> What you are asked to do
Leave the pictures out. Return all other data exactly.

> Given information
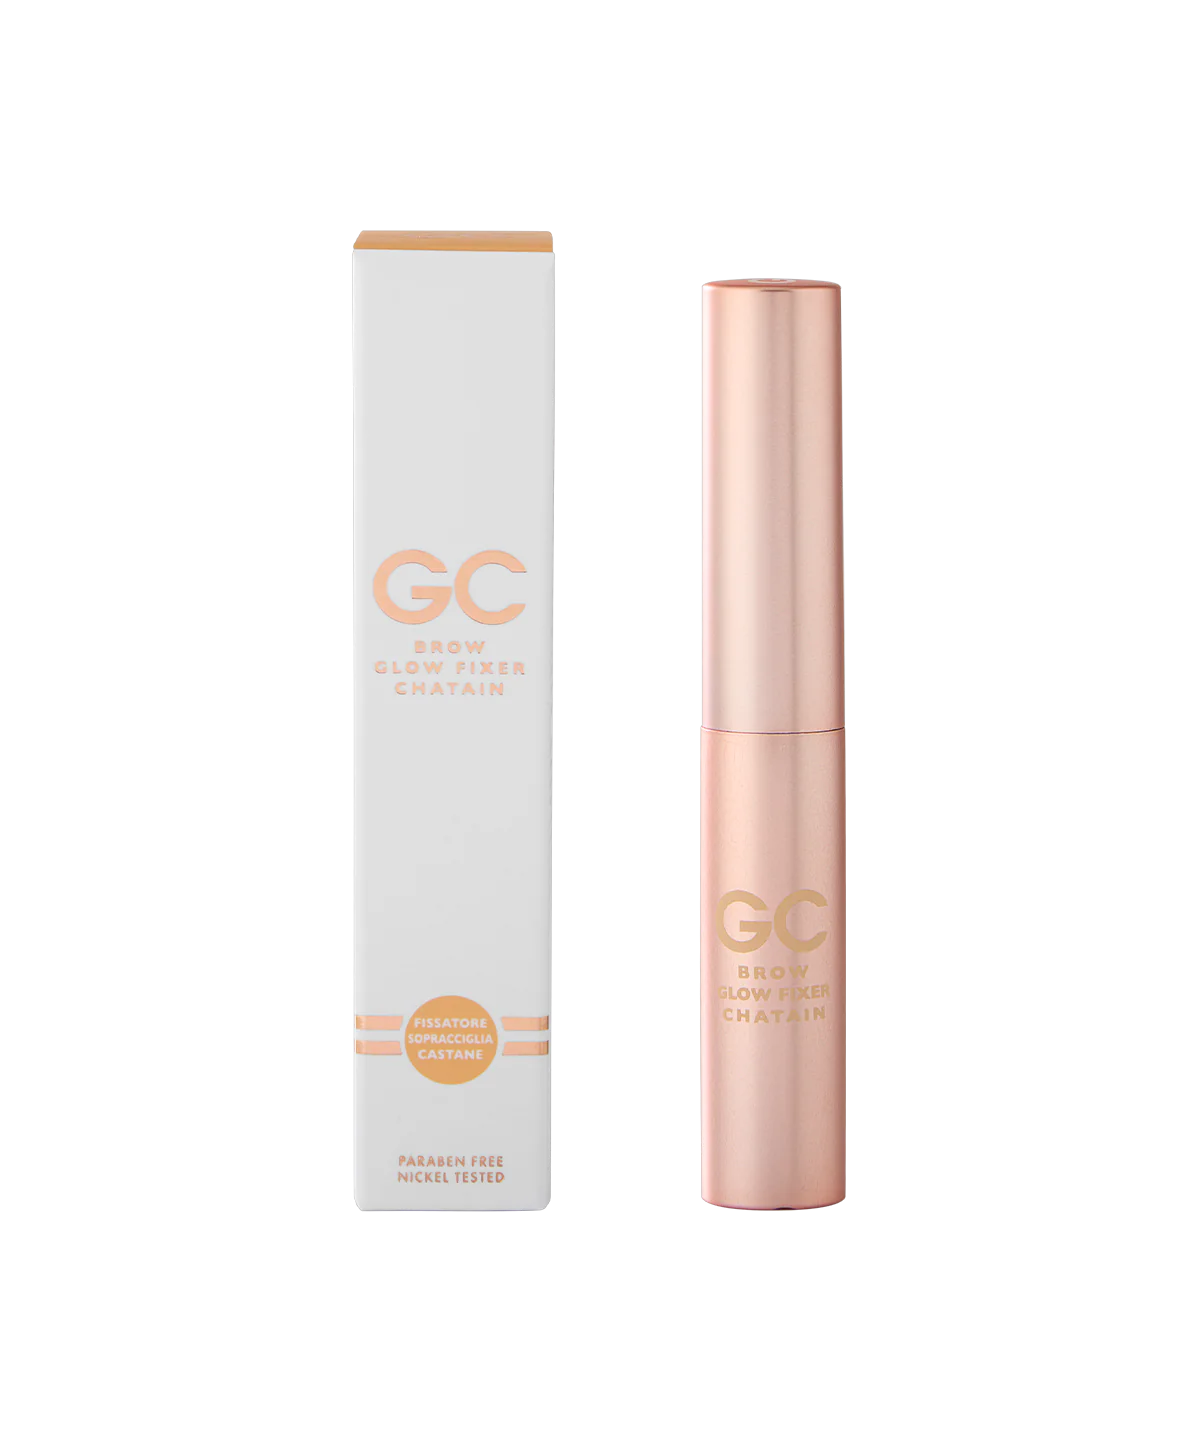 Gil Cagnè Brow Glow Fixer Chatain
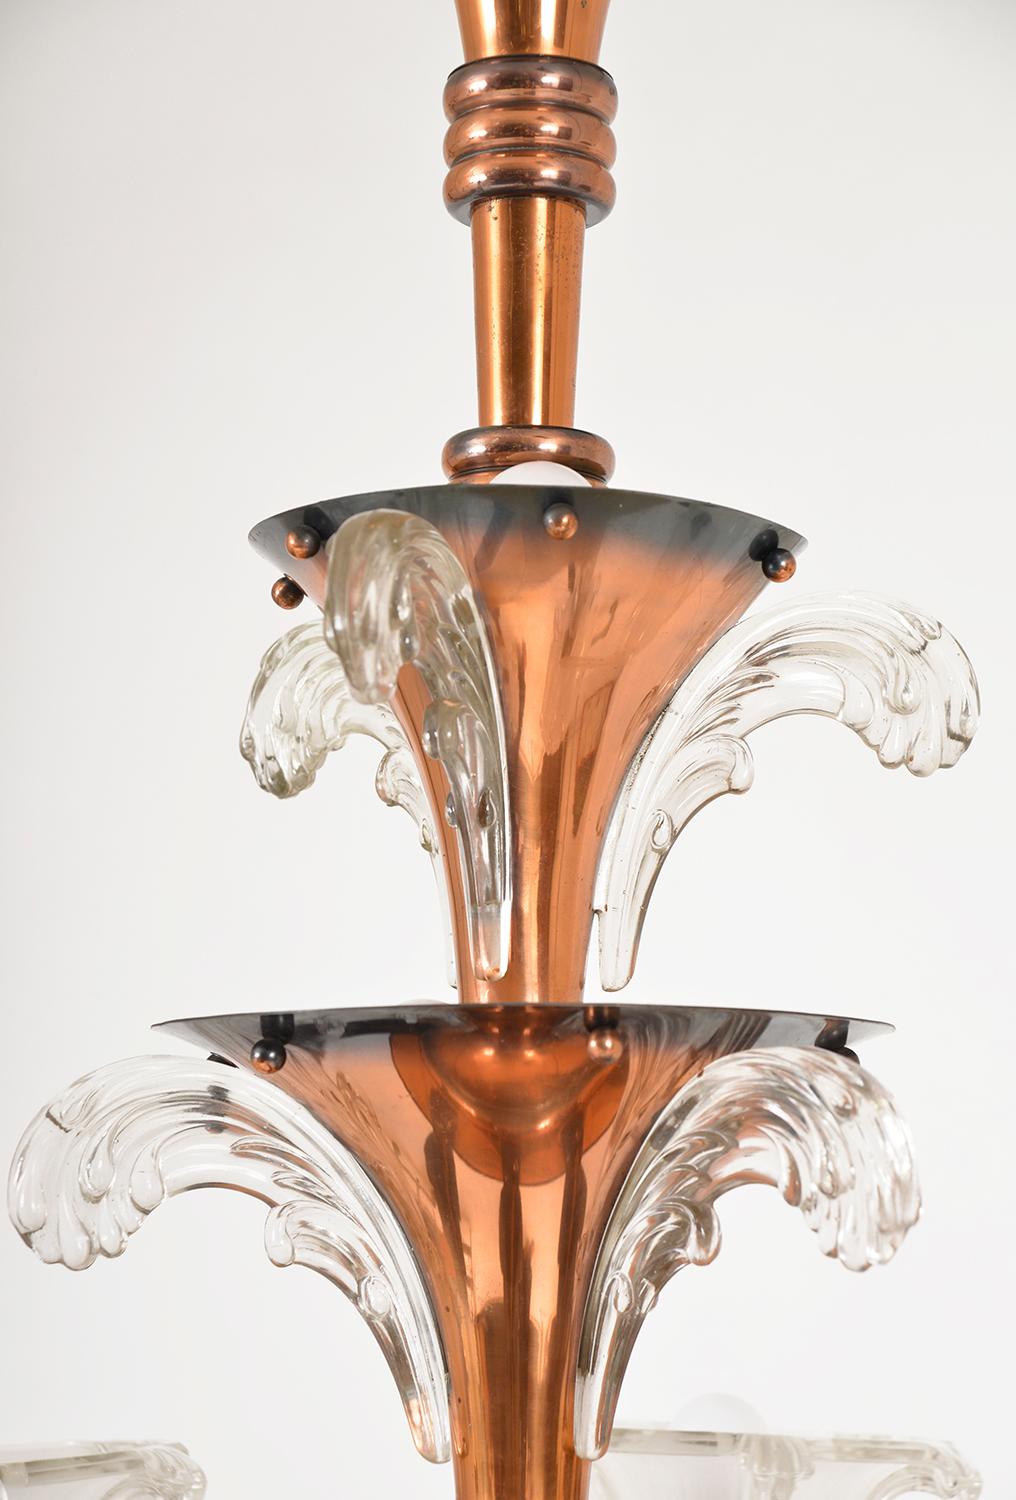 1930s French Art Deco 6-Arm Chandelier by Petitot and Ezan Copper and Glass For Sale 1
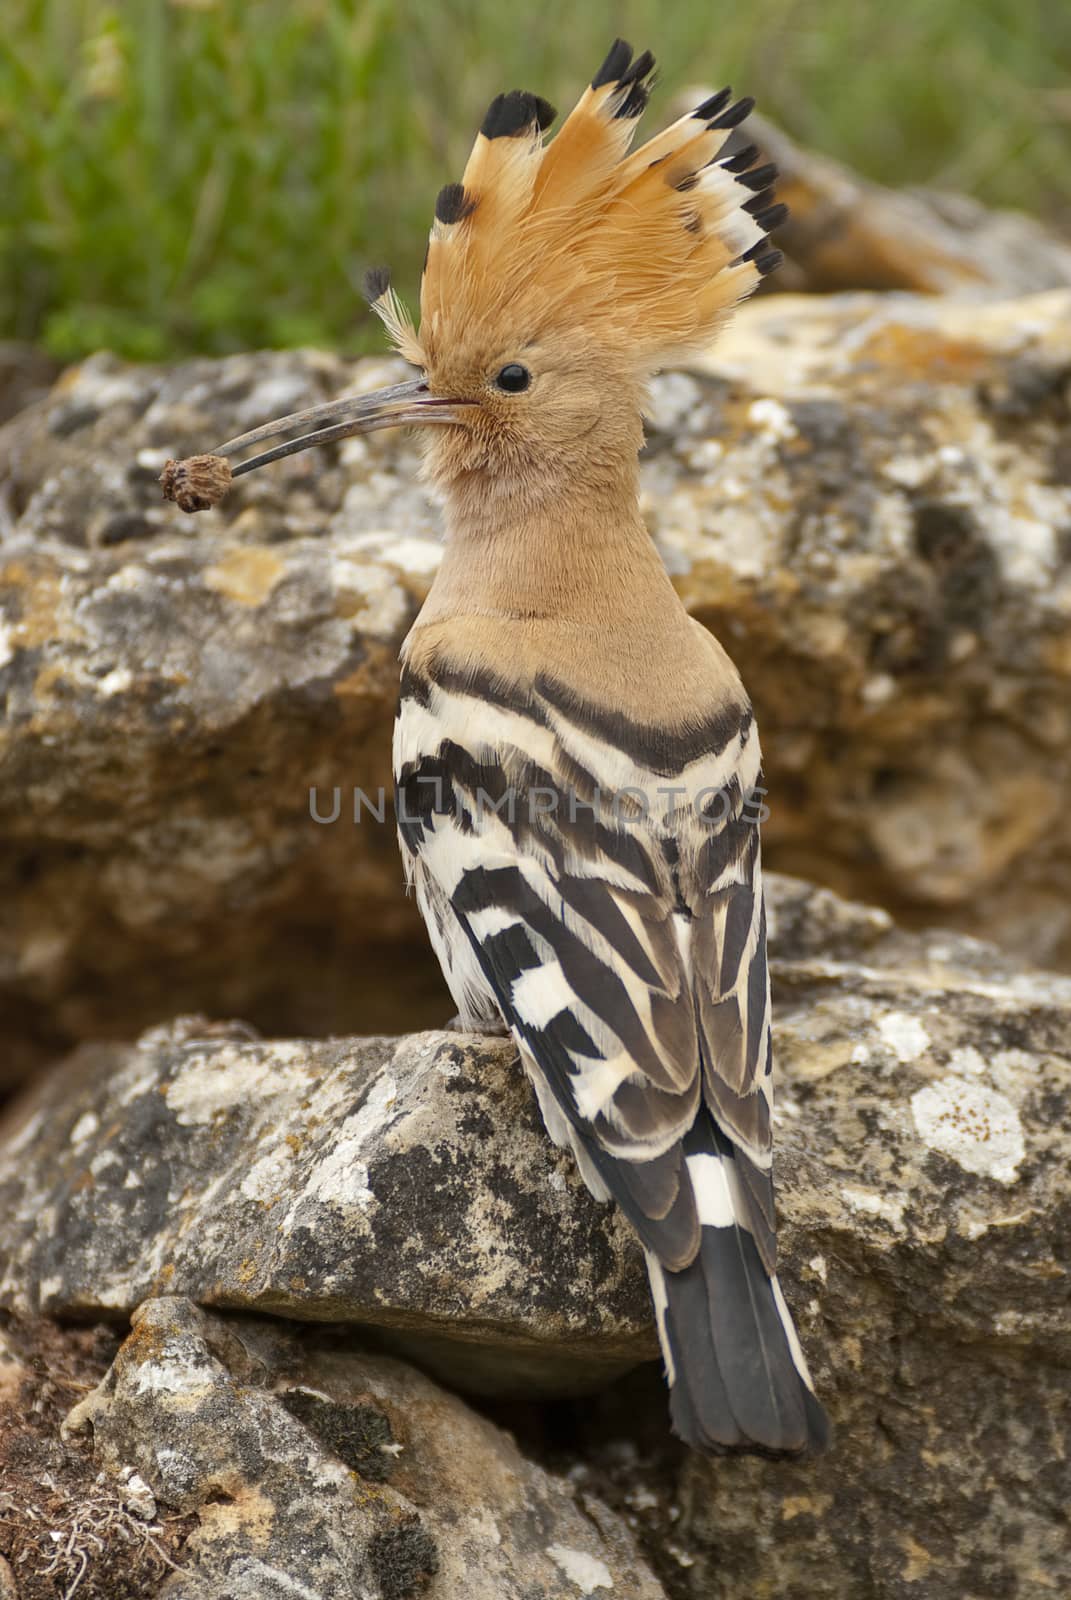 Eurasia Hoopoe or Common Hoopoe (Upupa epops), with a beetle in  by jalonsohu@gmail.com

> Answer for the task
 Gil Cagnè Brow Glow Fixer Chatain
 1930s French Art Deco 6-Arm Chandelier by Petitot and Ezan Copper and Glass For Sale 1
 Eurasia Hoopoe or Common Hoopoe (Upupa epops), with a beetle in  by jalonsohu@gmail.com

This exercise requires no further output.